Your instructions — Can you copy out the data exactly? Leave the images out.

** Data for processing follows **

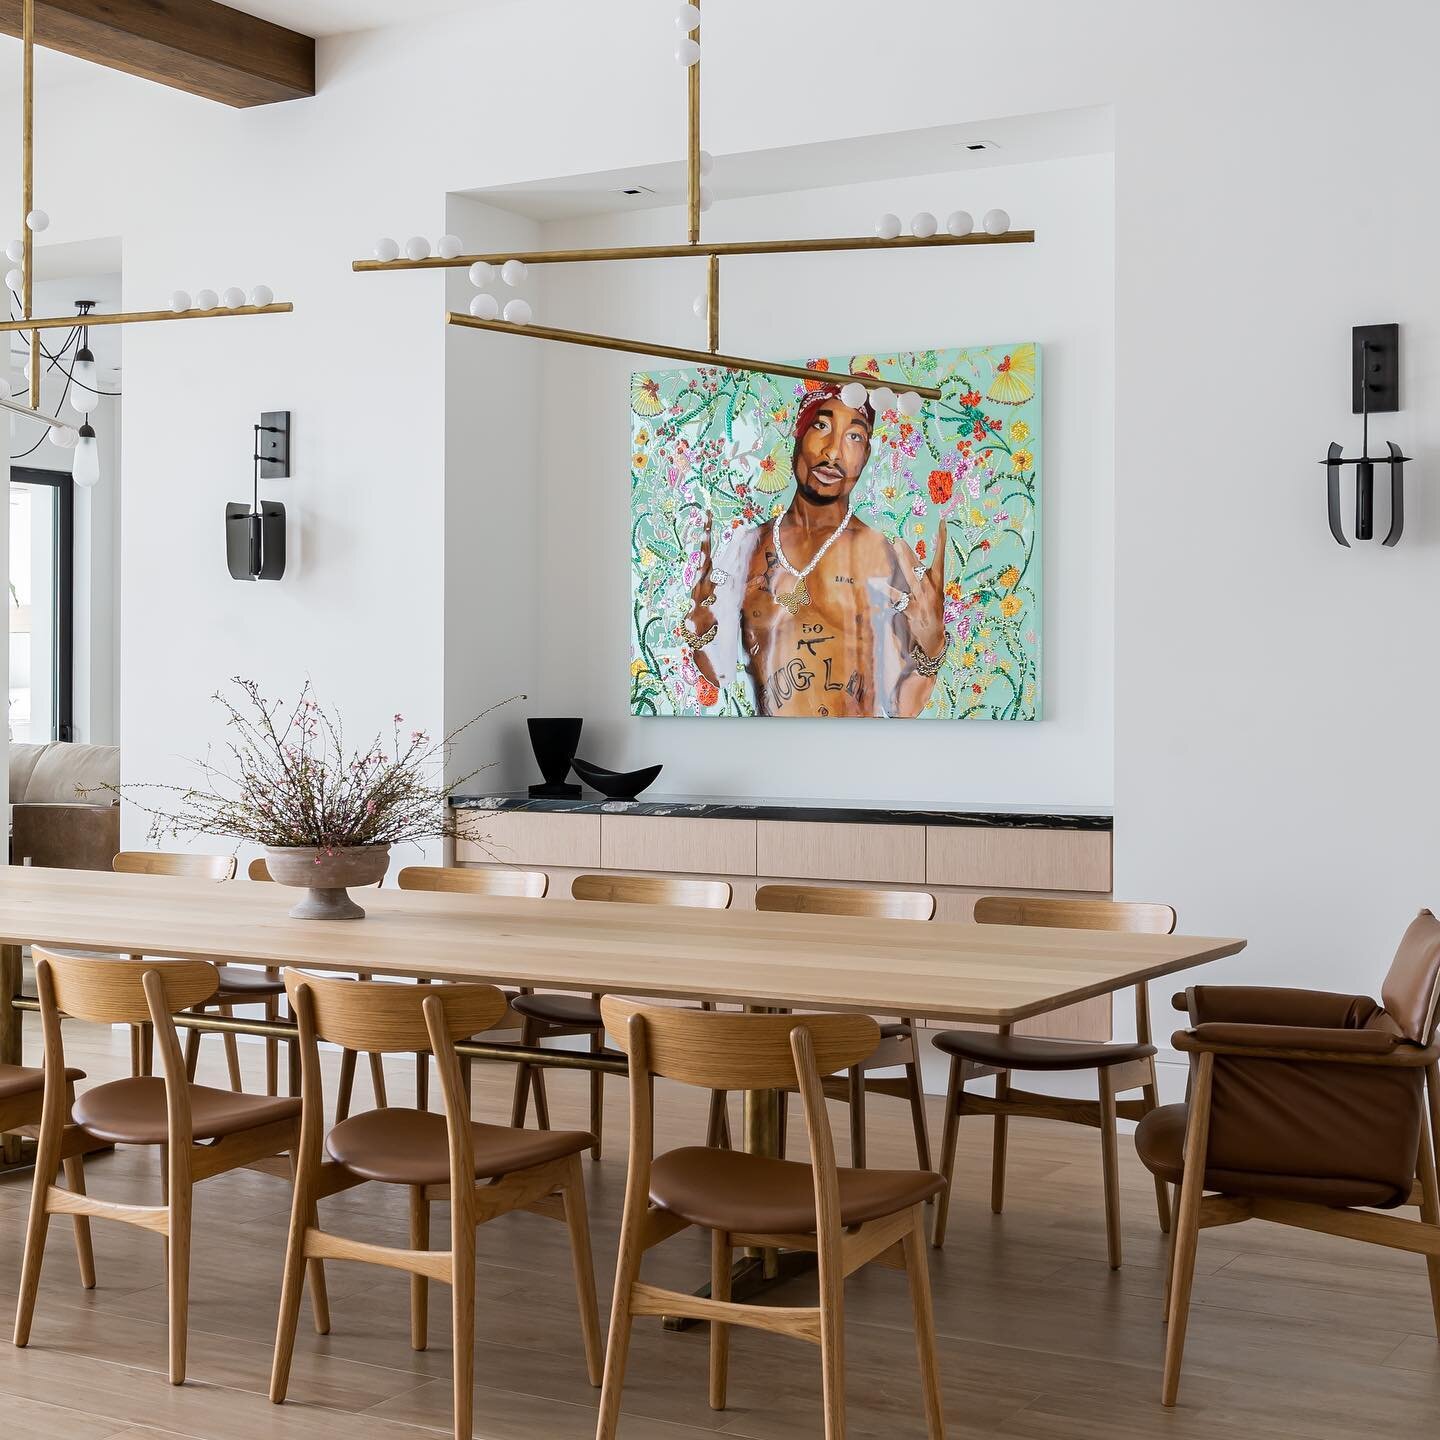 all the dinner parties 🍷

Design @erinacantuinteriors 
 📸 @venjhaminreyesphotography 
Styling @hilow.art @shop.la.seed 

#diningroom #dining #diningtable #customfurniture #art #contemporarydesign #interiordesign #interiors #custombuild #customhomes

** End of Data for processing **

Written answer —
 all the dinner parties 🍷

Design @erinacantuinteriors 
 📸 @venjhaminreyesphotography 
Styling @hilow.art @shop.la.seed 

#diningroom #dining #diningtable #customfurniture #art #contemporarydesign #interiordesign #interiors #custombuild #customhomes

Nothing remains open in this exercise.